Eco-criticism(s) and Victorian Fiction: A Review Essay
Adrian Tait, Independent Scholar

This article offers an overview of the now burgeoning field of Victorian ecocriticism. Ecocriticism (or environmental criticism) emerged as a distinct field of study in the 1990s, focused on reevaluating Romantic and nonfictional representations of nature as part of a green tradition of deep ecological thinking. As ecocriticism diversified, it took a more sociocentric (or social ecological) turn, and in so doing, it also took a more active interest in the Victorian period. As a new generation of ecocritics have emphasized, the Victorian period marked an epochal shift in the nature of lived existence, as a rural society was transformed into an industrialized, urbanized, and recognizably modern society, with recognizably modern environmental problems. In reacting to those problems, Victorian writers anticipated many of our own concerns, as recent ecocritical reconsiderations of Dickens’s work underline. As the variety of those responses to Dickens’s oeuvre also suggest, ecocriticism today encompasses a range of sometimes markedly different theoretical approaches and concerns. Those approaches are nevertheless united by a shared sense that a Victorian ecocriticism constitutes a distinct and worthwhile field of study, with the very real potential to illuminate the origins of the environmental crises bequeathed by the world’s first industrial nation.

KEYWORDS
Victorian ecocriticism, Dickens, new materialism, deep/social ecological, Anthropocene, sustainability

 

Teaching Nineteenth-Century Novels to Today's Teens
Vincent A. Lankewish, Professional Performing Arts High School, Manhattan, NY
Jacqueline Jean Barrios, James A. Foshay Learning Center, Los Angeles, CA / UC Los Angeles
Michael Boswell, Thomas Jefferson High School for Science & Technology, Alexandria, VA
Geoffrey Schramm, National Cathedral School, Washington, D.C.
Ben Wiebracht, Stanford University Online High School, Redwood City, CA
Lissette Lopez Szwydky, University of Arkansas-Fayetteville, AR

A survey of AP English Literature and AP English Language exams administered over the past two decades reveals that nineteenth-century British literature—especially novels of this era—is underrepresented compared to texts from other literary historical periods.

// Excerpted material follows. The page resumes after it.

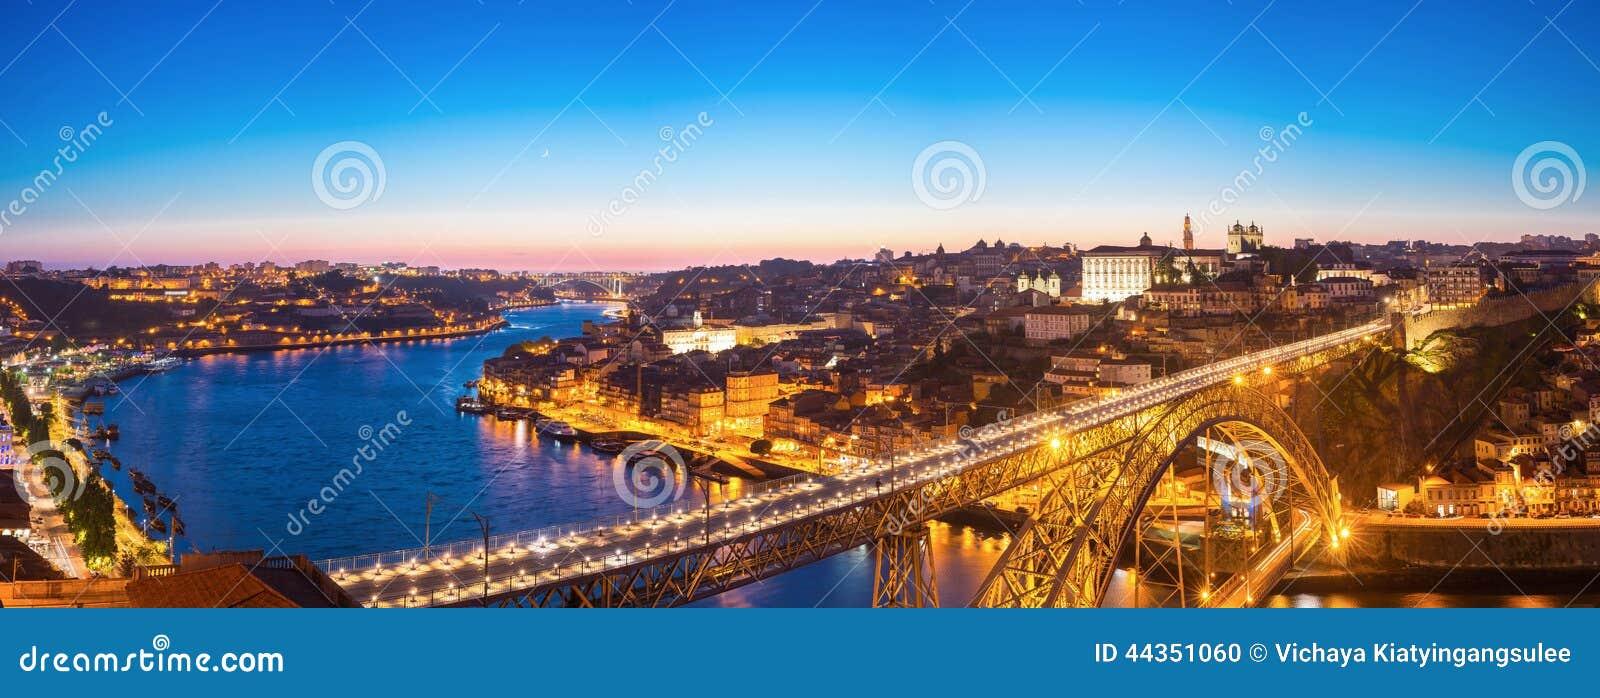 Panorama del puente de Dom Luiz
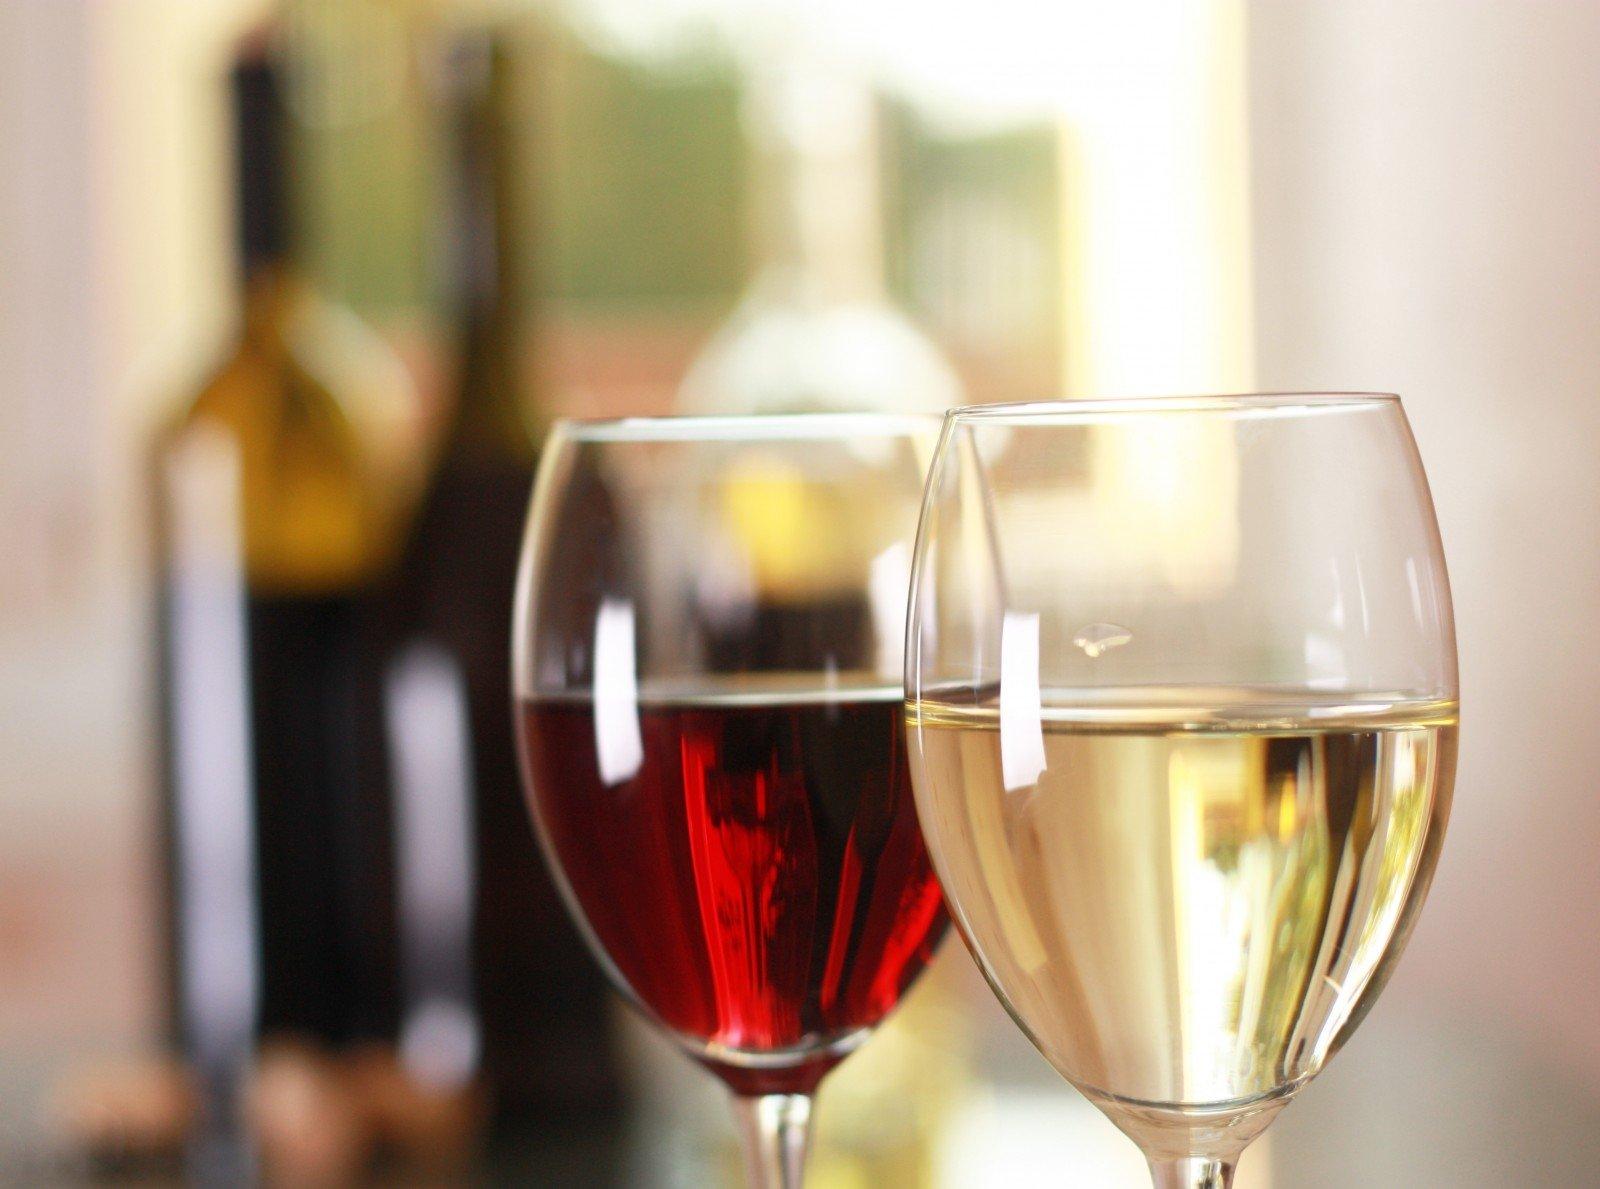 Naudinga ar visgi žalinga gerti vyną? | jusukalve.lt

At the same time, a range of recent or relatively recent fiction, television shows, and film depicts teenagers embracing Victorian texts, particularly the novels of George Eliot. This unexpected enthusiasm for literature published two centuries ago, however, is even more evident in high school English classes today. This article includes six accounts of the successes that secondary school English teachers have had in motivating their students to read nineteenth-century fiction that seemed destined to gather dust on the shelves of their schools’ bookrooms.

KEYWORDS
AP English exams, high school English curricula, teenagers, nineteenth-century novels, The Goldfinch, Room 222

 

Recent Dickens Studies 2019: A Journal of the Plague Year
Sean Grass, Iowa State University

This article surveys Dickens scholarship published during 2019. The first major section addresses books, edited collections, and special issues devoted entirely to sustained, focused study of Dickens. Subsequent sections describe chapters, articles, and emerging or expanding online resources, arranged into these topical clusters: biographical and reference works and source studies; material and commodity culture, including studies of the body, economics, and textual production; narrative form, system, and genre; visual culture, including studies of illustration, adaptation, and performance; equity and social justice, including considerations of gender, race, the law, policing, prisons, and animal studies; religion, spirituality, and psychology; intermediality, including translation studies and matters of cultural and artistic exchange; and retrospectives that consider Dickens’s continued significance.